I nod. “Yeah. I’m learning lots of things.”
He scratches the back of his neck, gestures vaguely at the depot. “So… all these machines, all this oil… Bet you don’t see much of your friends here, huh?”
I shrug. “Father is here.” A son being reassured by his father's presence.
He smiles slightly at the cultural trait of filial piety. “Right, right… classes, tests, lunch… all that?”
I give a small smile. Polite. Not real. His words have no rhythm, as if he forgot how to speak to someone smaller, someone younger.
“Good. Good,” he mutters, clapping once. “Well, I’m out. Don’t let your dad make you work too hard, eh?”
I nod again. He pats my shoulder. I puff out my chest and nod with childish seriousness.
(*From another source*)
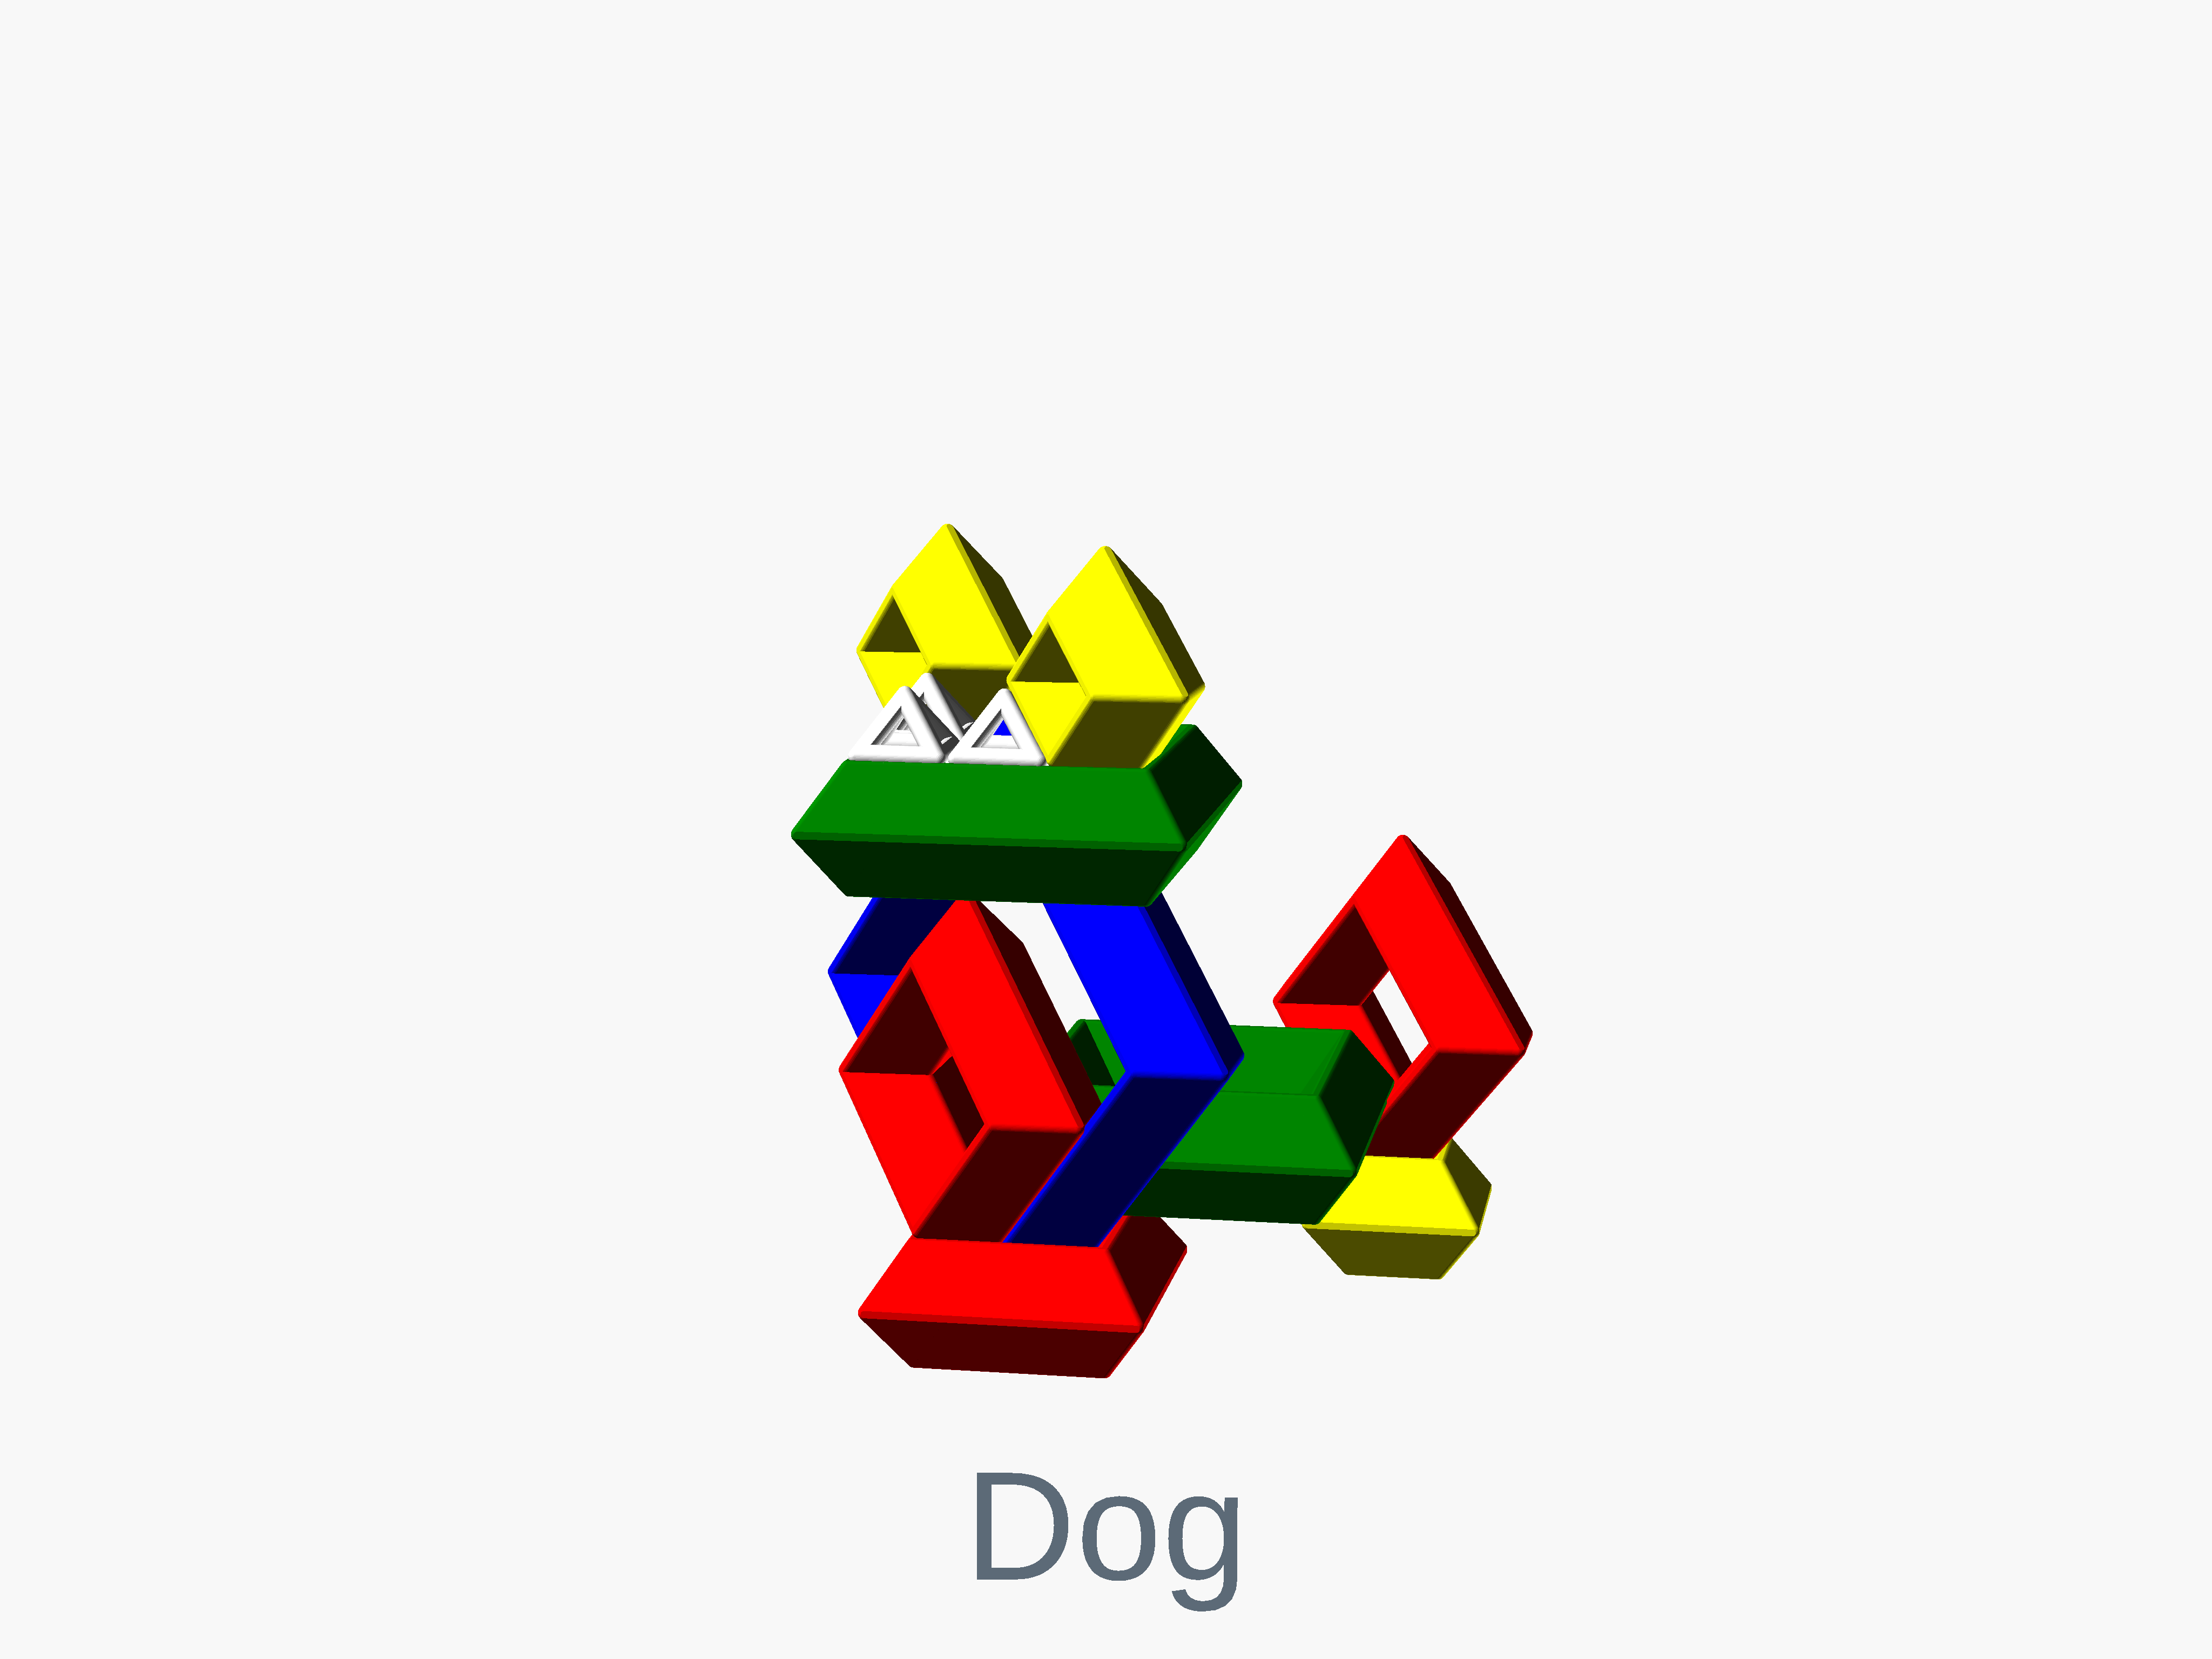 Octahedron dog

I watch him chuckle and go. I decide he doesn’t know how to talk to children, wonder how his own are treated.
Father doesn’t comment. Just smiles and continues inspecting the numbers Zhen brought.
I watch his eyes move—sure, practiced, rhythmically. He has no illusions about climbing higher. There’s no ladder for people like him. Just steady work. Reliable. Quiet.
And as I trail him through the depot, through the smell of oil and the echo of machines, I understand something I didn’t this morning.
This is what being useful looks like here. Not glorious. Not heroic. Just a man making sure everything keeps turning.